I’m surprised they haven’t fixed this, but I need to remember that nothing is easy here.
CHAPTER
ELEVEN
STANDING ALONGSIDE
It’s summer and the heat’s beginning to snarl, beating back against my body from the road and crowded pavements. Many men on the streets undo the top three or four buttons of their shirts and let them slide off their shoulders down their backs, while those who want a cool middle roll the tails of their shirts up under their armpits. Up till now, with memories of the heavy summer green of old English trees in Christchurch’s public spaces, I’ve not realised the importance of the poor dust-laden trees that line Chongqing’s streets.
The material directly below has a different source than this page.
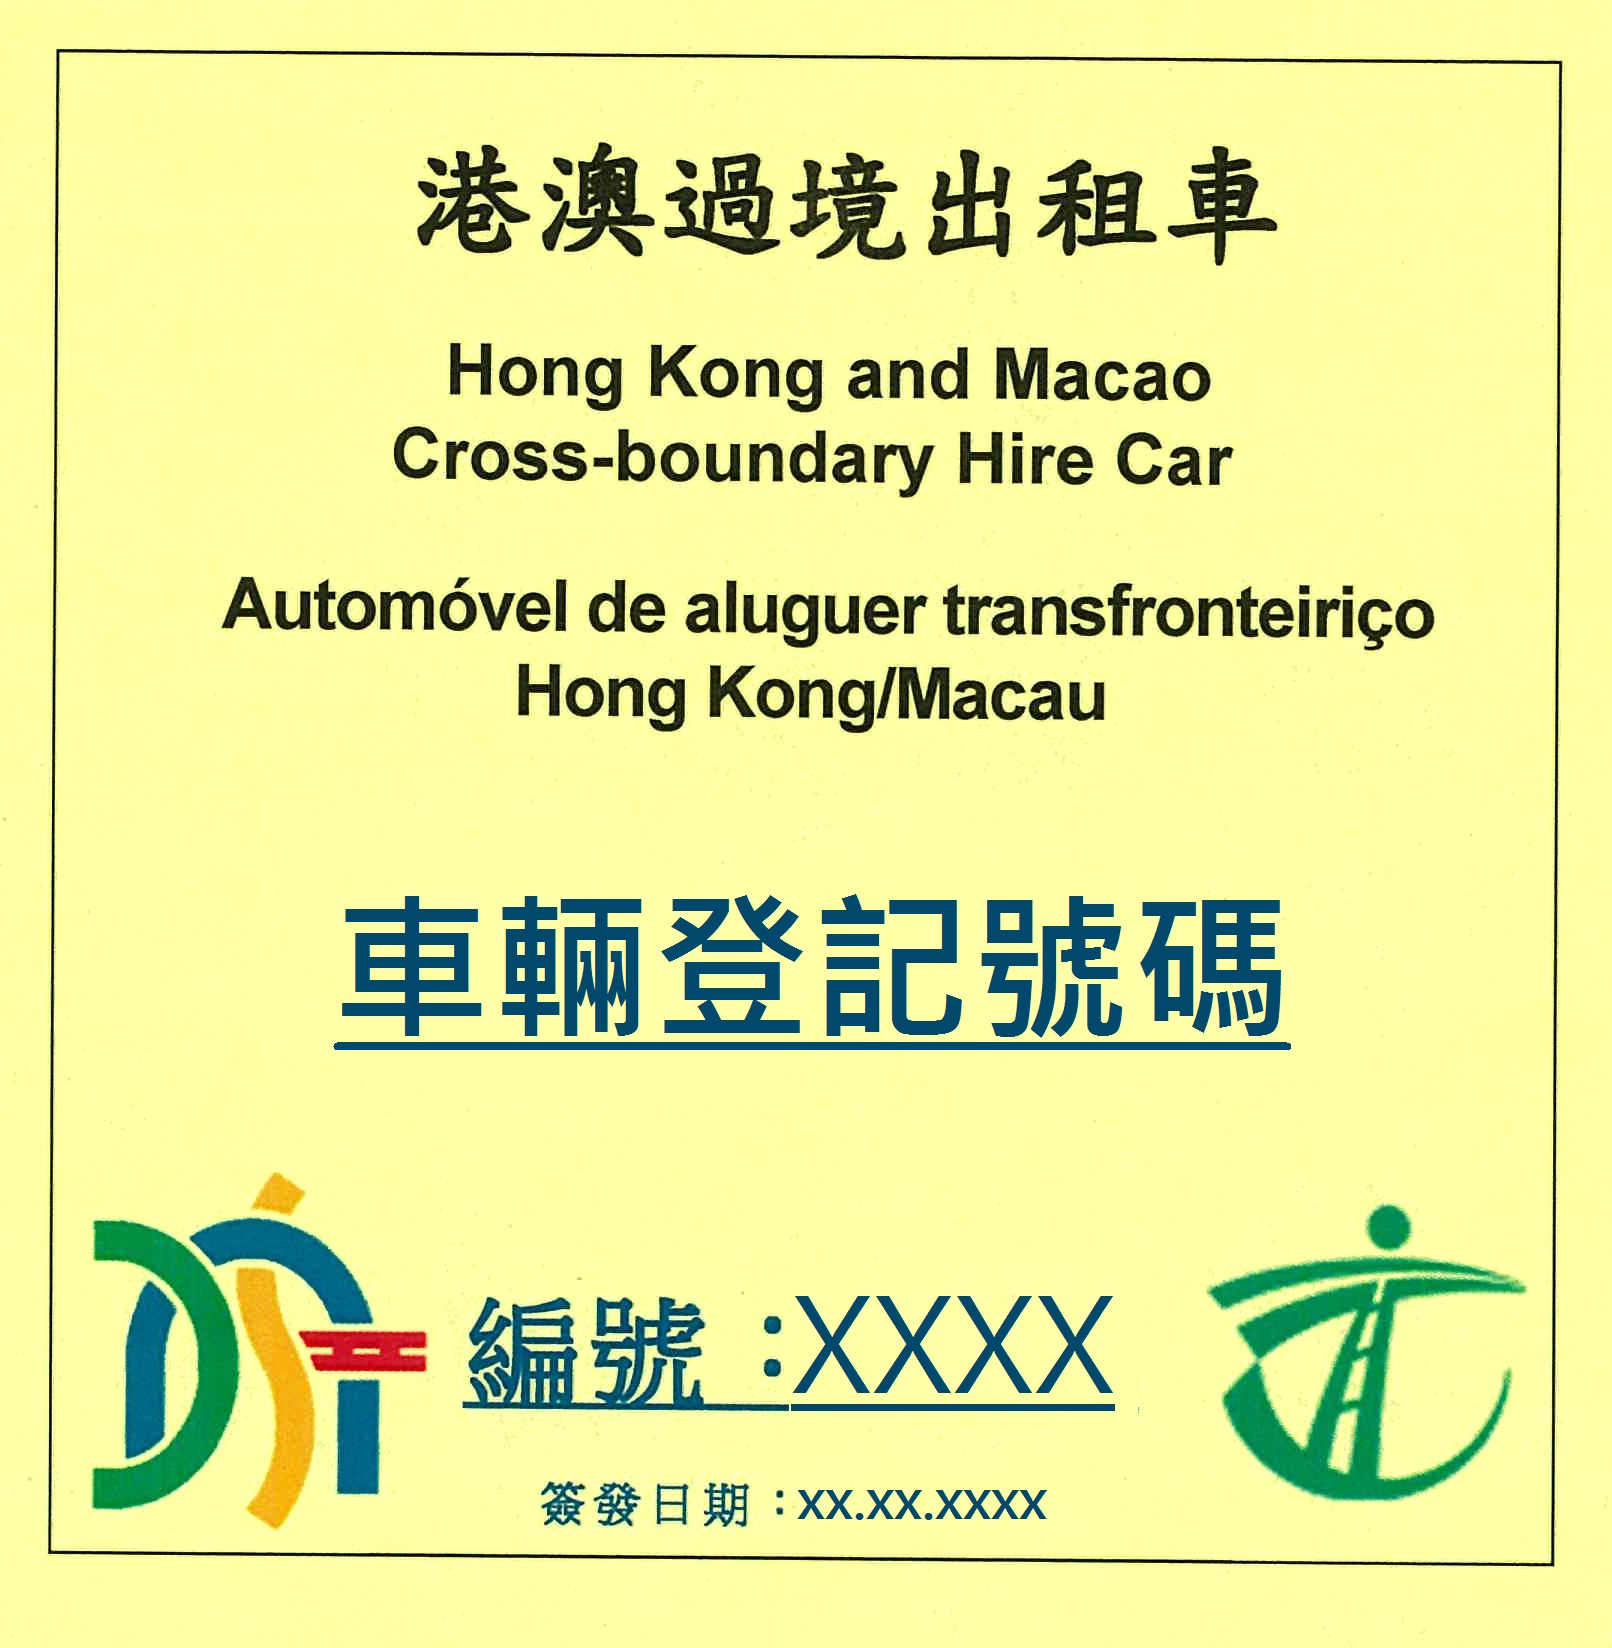 HZMB hire car (HK-Macau qouta)

Only now I see what a critical baffle they will be later in the summer against temperatures that will soar into the forties and stay there for weeks. Those who can will retire to darkened rooms, but there will be millions here who still need to walk the blazing streets. At the roadsides, strawberry sellers are offering their fragrant gatherings in baskets covered with leaves, just a few glistening berries exposed to tempt passersby.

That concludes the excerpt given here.